Beneath this line are the data; copy exactly the part of them that opens with the line containing "Lap keo 'sang" and closes with the line containing "Lebensmittelzusatzstoffe Hersteller Unternehmen, Weltkarte", and only that part.
==== Records for processing
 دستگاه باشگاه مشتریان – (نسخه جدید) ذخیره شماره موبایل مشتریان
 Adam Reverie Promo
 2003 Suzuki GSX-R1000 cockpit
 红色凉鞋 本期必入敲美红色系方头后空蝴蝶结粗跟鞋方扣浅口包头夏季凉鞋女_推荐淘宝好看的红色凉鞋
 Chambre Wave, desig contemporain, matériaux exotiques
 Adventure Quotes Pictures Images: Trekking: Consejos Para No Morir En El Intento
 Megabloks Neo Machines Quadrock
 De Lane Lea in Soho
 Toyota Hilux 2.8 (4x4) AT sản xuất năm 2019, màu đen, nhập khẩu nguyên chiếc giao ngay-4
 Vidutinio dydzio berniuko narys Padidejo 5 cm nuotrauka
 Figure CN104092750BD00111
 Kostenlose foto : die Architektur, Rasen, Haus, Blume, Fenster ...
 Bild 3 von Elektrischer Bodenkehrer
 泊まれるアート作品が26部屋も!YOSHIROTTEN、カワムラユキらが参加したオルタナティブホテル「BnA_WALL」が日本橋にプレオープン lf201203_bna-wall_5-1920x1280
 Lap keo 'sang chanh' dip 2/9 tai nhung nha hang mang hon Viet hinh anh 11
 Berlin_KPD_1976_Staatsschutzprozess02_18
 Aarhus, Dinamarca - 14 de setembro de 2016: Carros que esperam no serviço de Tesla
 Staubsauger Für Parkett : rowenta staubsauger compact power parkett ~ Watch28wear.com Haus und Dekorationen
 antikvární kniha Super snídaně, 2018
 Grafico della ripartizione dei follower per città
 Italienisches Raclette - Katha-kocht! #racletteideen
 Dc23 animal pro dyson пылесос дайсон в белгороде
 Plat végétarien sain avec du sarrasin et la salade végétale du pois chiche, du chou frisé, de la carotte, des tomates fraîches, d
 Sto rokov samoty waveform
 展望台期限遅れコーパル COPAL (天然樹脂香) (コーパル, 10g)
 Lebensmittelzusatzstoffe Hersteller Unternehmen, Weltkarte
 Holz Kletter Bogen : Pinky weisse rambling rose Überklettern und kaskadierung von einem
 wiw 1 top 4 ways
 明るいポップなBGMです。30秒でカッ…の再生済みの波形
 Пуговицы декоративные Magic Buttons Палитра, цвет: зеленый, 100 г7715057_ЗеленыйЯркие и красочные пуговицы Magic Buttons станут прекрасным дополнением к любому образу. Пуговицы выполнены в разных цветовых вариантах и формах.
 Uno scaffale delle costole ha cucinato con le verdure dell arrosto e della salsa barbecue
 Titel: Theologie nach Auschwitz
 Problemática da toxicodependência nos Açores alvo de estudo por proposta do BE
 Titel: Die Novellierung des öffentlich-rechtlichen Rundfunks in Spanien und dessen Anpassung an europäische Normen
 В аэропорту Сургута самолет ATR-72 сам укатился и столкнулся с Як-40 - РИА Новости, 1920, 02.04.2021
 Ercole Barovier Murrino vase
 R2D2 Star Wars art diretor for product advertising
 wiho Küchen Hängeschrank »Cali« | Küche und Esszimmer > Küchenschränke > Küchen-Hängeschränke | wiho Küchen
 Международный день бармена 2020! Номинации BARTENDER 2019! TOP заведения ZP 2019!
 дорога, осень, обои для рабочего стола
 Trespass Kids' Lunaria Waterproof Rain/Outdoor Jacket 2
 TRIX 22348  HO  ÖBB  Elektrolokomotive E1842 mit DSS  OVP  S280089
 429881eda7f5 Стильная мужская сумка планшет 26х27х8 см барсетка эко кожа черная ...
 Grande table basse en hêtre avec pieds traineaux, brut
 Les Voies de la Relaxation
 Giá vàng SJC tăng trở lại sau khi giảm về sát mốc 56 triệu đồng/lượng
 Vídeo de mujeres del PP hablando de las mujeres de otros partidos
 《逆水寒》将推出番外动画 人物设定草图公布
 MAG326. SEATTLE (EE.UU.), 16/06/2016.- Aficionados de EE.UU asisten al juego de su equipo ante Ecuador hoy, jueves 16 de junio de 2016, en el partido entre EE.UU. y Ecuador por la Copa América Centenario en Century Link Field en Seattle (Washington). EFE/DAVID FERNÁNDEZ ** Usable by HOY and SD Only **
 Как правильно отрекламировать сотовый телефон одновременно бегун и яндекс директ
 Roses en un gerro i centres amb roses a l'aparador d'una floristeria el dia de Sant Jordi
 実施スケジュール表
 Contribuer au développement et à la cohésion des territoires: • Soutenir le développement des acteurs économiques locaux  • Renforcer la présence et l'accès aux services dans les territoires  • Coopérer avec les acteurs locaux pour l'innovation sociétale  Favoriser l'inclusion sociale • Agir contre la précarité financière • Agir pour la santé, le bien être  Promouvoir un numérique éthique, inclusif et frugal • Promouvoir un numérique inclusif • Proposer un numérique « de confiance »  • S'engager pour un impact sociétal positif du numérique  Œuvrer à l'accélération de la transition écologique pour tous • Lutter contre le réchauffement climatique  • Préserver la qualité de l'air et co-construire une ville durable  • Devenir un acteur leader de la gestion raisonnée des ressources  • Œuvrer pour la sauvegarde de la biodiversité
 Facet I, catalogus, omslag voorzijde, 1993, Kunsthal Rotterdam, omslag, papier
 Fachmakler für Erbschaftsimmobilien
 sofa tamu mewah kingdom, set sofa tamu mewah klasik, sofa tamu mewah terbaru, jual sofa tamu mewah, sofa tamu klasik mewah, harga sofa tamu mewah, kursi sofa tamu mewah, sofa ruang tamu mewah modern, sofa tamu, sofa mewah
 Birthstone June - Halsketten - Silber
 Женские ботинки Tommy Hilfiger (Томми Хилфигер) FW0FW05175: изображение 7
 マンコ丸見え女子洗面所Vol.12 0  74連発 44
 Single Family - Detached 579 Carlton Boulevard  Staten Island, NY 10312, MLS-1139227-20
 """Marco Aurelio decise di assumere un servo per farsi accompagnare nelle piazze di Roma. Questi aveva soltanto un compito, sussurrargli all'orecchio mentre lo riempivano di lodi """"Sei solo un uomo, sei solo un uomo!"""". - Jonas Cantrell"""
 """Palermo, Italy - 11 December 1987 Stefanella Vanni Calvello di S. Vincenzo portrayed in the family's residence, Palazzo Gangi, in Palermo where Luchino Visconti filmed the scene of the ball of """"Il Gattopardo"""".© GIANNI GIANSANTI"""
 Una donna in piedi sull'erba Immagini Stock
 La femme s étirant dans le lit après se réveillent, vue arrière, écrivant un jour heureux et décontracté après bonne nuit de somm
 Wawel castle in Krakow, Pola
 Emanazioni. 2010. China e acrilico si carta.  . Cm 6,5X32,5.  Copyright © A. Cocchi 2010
========
Answer to the exercise ▸
 Lap keo 'sang chanh' dip 2/9 tai nhung nha hang mang hon Viet hinh anh 11
 Berlin_KPD_1976_Staatsschutzprozess02_18
 Aarhus, Dinamarca - 14 de setembro de 2016: Carros que esperam no serviço de Tesla
 Staubsauger Für Parkett : rowenta staubsauger compact power parkett ~ Watch28wear.com Haus und Dekorationen
 antikvární kniha Super snídaně, 2018
 Grafico della ripartizione dei follower per città
 Italienisches Raclette - Katha-kocht! #racletteideen
 Dc23 animal pro dyson пылесос дайсон в белгороде
 Plat végétarien sain avec du sarrasin et la salade végétale du pois chiche, du chou frisé, de la carotte, des tomates fraîches, d
 Sto rokov samoty waveform
 展望台期限遅れコーパル COPAL (天然樹脂香) (コーパル, 10g)
 Lebensmittelzusatzstoffe Hersteller Unternehmen, Weltkarte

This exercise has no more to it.